08:41 bentiss: ouch, now m3l-12 is acting weird as well: https://gitlab.freedesktop.org/freedesktop/ci-templates/-/jobs/36180774
08:43 bentiss: ohoh: https://github.com/containers/podman/issues/5136#issuecomment-583884319 -> maybe we can edit that soft cap
09:14 bentiss: daniels: ^^ I managed to raise the num_locks to 8192 on that runner, but we probably need to edit podman-free-space to only keep a decent amount of volumes
10:01 mupuf: bentiss: OMG :o
10:04 bentiss: actually, given the number of kept volumes, we might want to not raise that limit...

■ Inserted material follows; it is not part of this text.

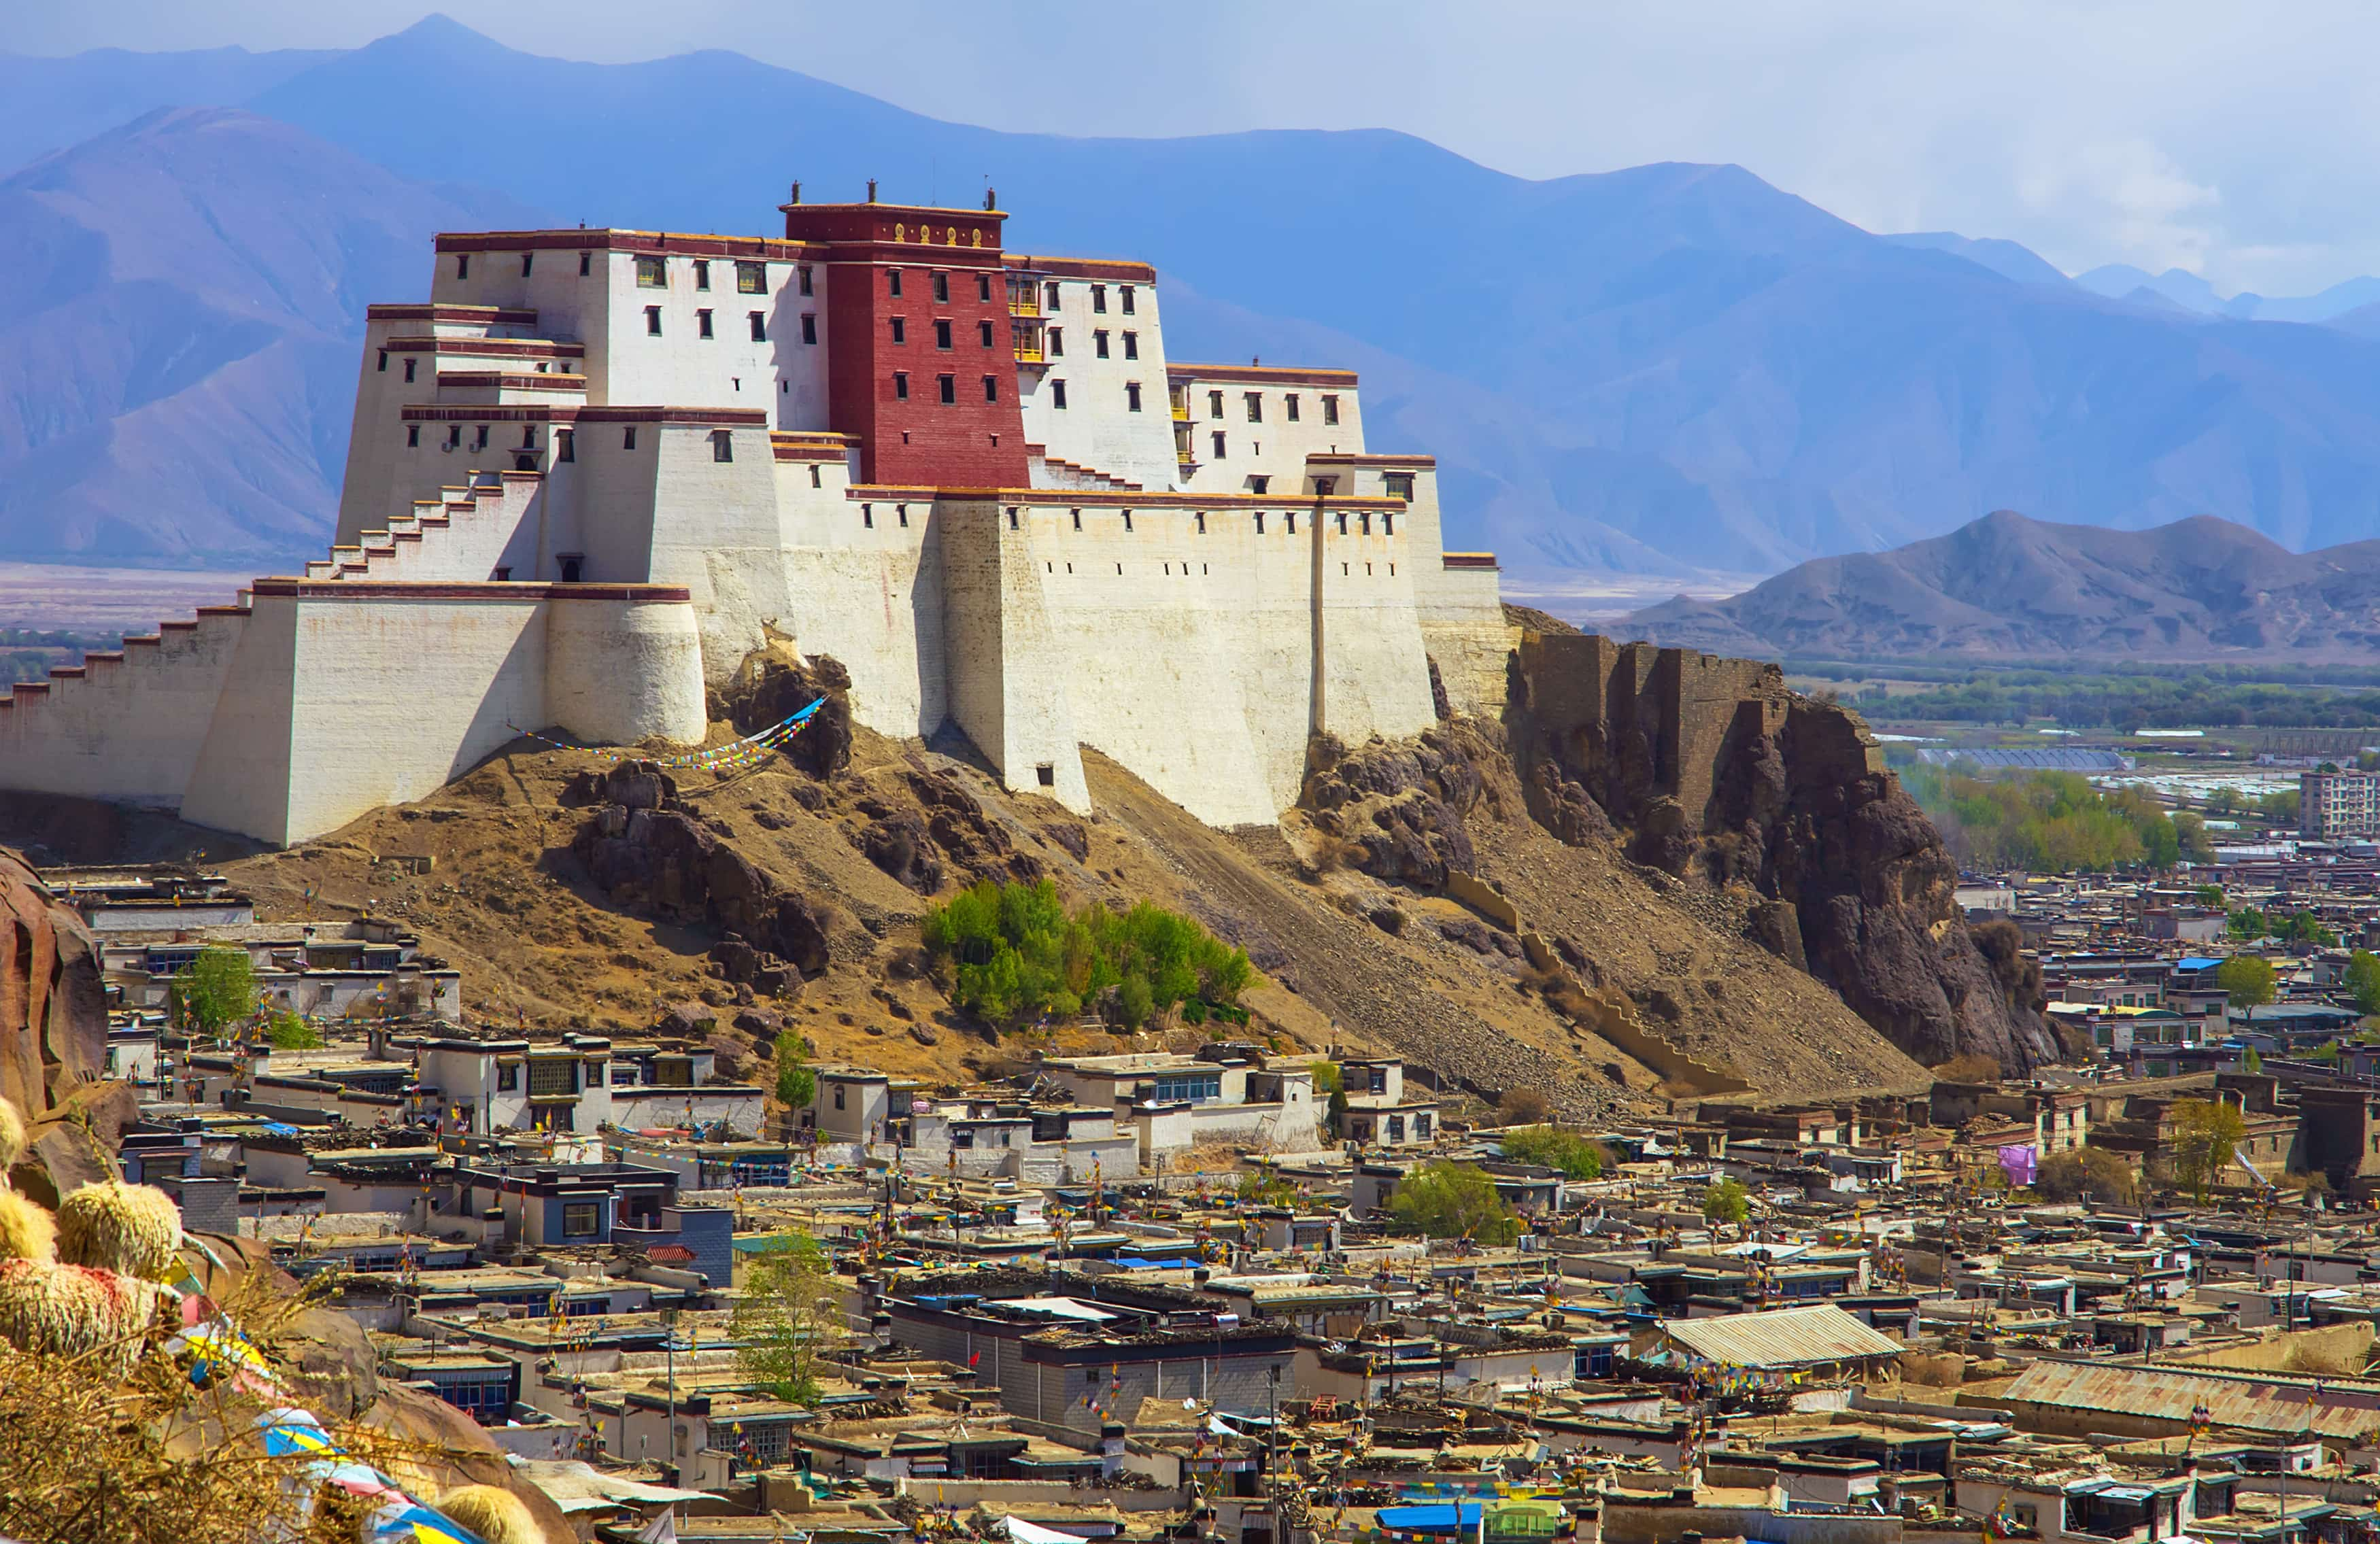 Copy of Potala Palace in Shigatse, Tibet

10:04 bentiss:is gathering some numbers on m3l-12, to see what is the weight of the volumes on the disks
10:07 bentiss: only 2.9 TB...
10:07 mupuf: bentiss: what's there?
10:07 mupuf: is it the caches for the containers?
10:08 bentiss: mupuf: yeah, gitlab-runner keeps a cache of all containers so that they spin up faster without having to pull the git tree and such
10:08 mupuf: Makes sense!
10:09 bentiss: well, the disk is 7TB, and used at 3.9TB, so that's ~1 TB of images
10:09 mupuf:should also increase this value in valve-infra too
10:13 bentiss: mupuf: https://gitlab.freedesktop.org/freedesktop/helm-gitlab-config/-/commit/b11cddfd9180ed0ae8ec025bb9b3ffbb95bf247d
10:15 bentiss: mupuf: to be able to bump it: pause the runner, no pods should be running, then drop the file, rm /dev/shm/libpod_lock, then podman system renumber, then systemctl restart podman
10:16 mupuf: bentiss: rebooting wouldn't be enough? We would need to also call podman system renumber?
10:17 bentiss: mupuf: yeah, that's what I read in the bug reports. rebooting might work, but this allows to bump the limit without a reboot ;)
10:17 mupuf: :)
10:17 mupuf: thanks for the info! I'll make an issue in valve-infra
10:18 bentiss: no worries. this way we'll have a trace on how to bu,p the limit on the fly :)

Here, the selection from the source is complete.